Thirty CVEs in 60 days is not the ceiling. It is the beginning of a vulnerability discovery curve that will steepen as more security researchers turn their attention to MCP. The ecosystem has 5,800+ servers, 32% of which have at least one critical vulnerability according to Enkrypt AI's data. The majority of those vulnerabilities have not been found yet.

The pattern is familiar from other protocol and ecosystem security histories. OAuth had its vulnerability spike. GraphQL had its exposure phase. Kubernetes went through years of security hardening after widespread adoption. MCP is following the same trajectory, but compressed: the adoption curve is steeper, the attack surface is larger (because LLMs add prompt injection as a universal delivery mechanism), and the consequences are more immediate (because agents have real-world tool access).

The organizations that treat MCP security as an afterthought will contribute to the next batch of CVEs.
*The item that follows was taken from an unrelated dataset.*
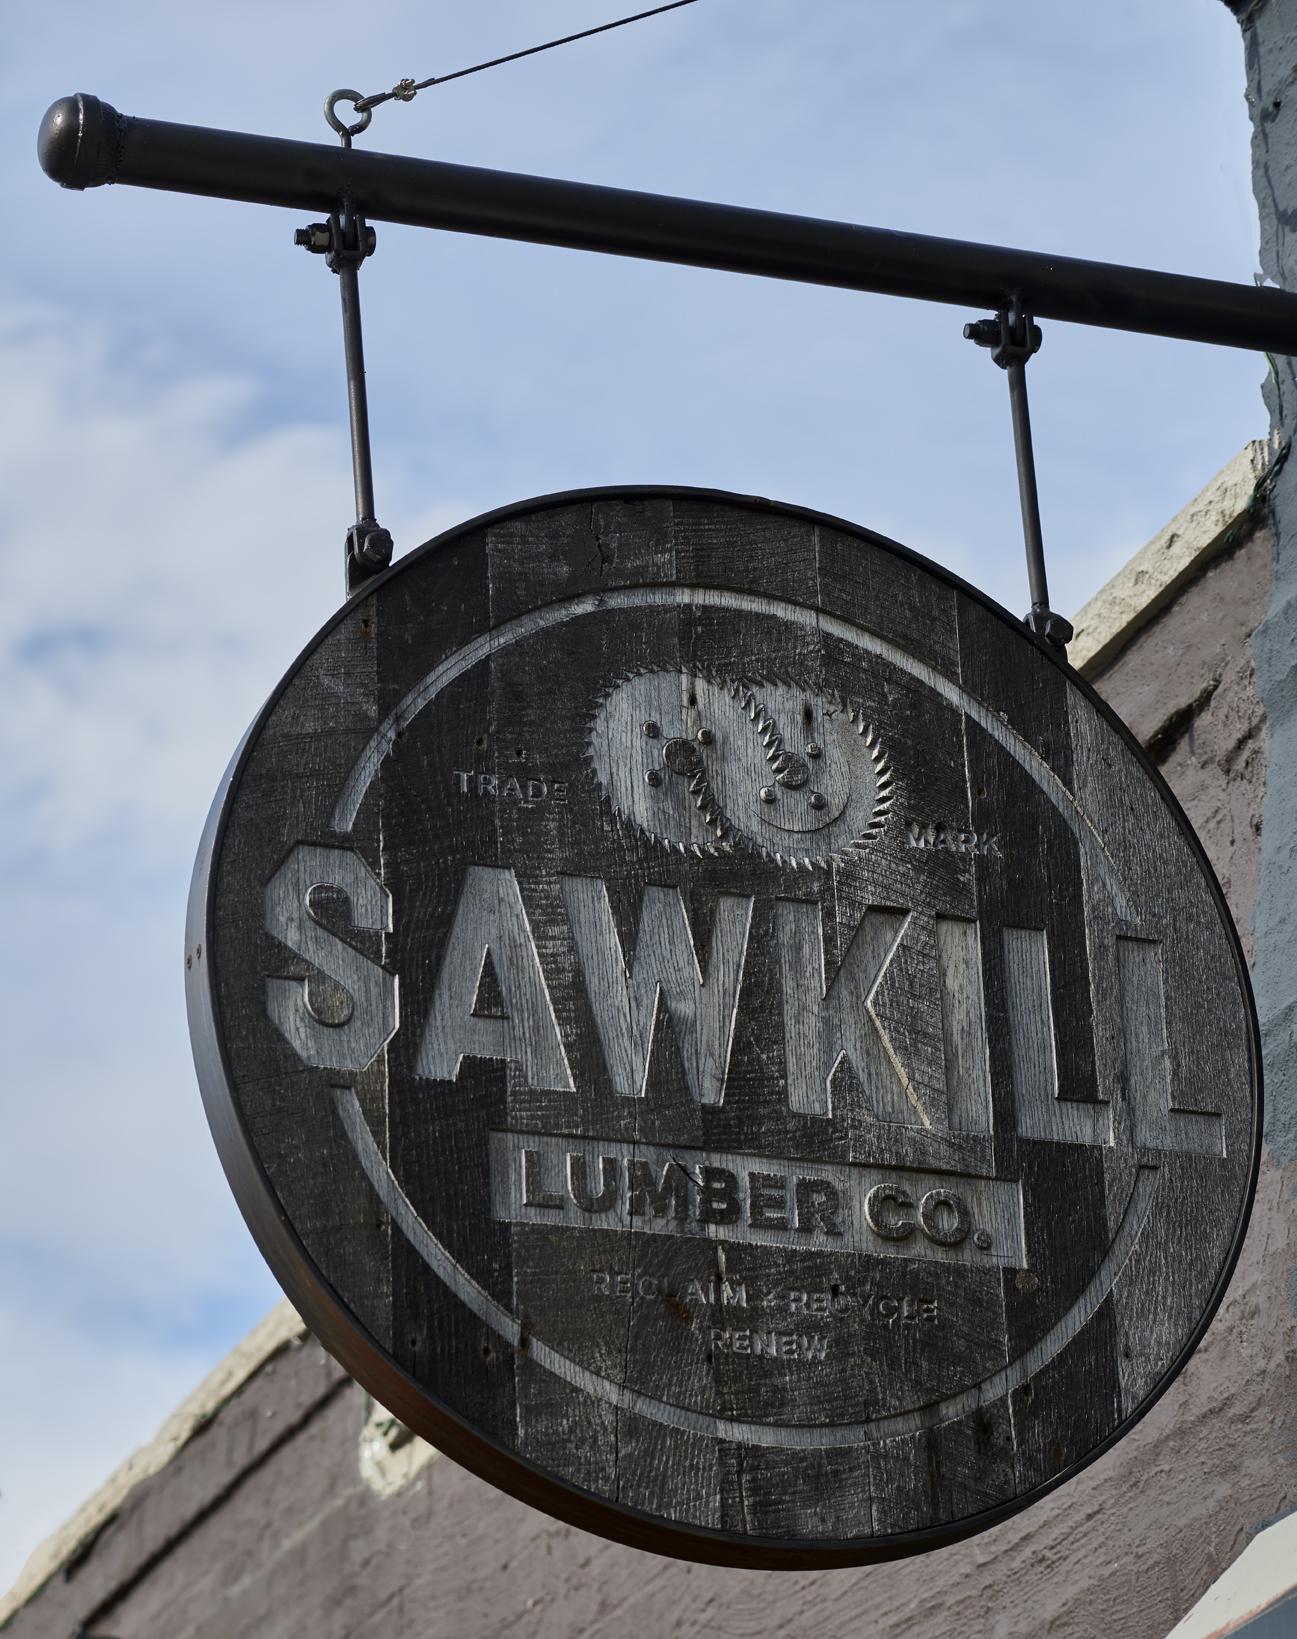 Sawkill panel

The organizations that scan configurations, isolate servers, require authentication, and monitor the ecosystem will not eliminate all risk, but they will reduce their exposure to the vulnerability classes that account for 30 CVEs in 60 days.

We built Aguara to make that second path accessible. 173 rules. 13 categories. Open source. Every vulnerability pattern documented in this post is detectable before it becomes a CVE in your infrastructure.

The MCP ecosystem's security problem is not a lack of awareness. It is a lack of tooling, feedback loops, and defaults. The protocol needs secure defaults. The ecosystem needs scanning infrastructure. The developers need templates that do not teach them to be insecure. We are working on all three.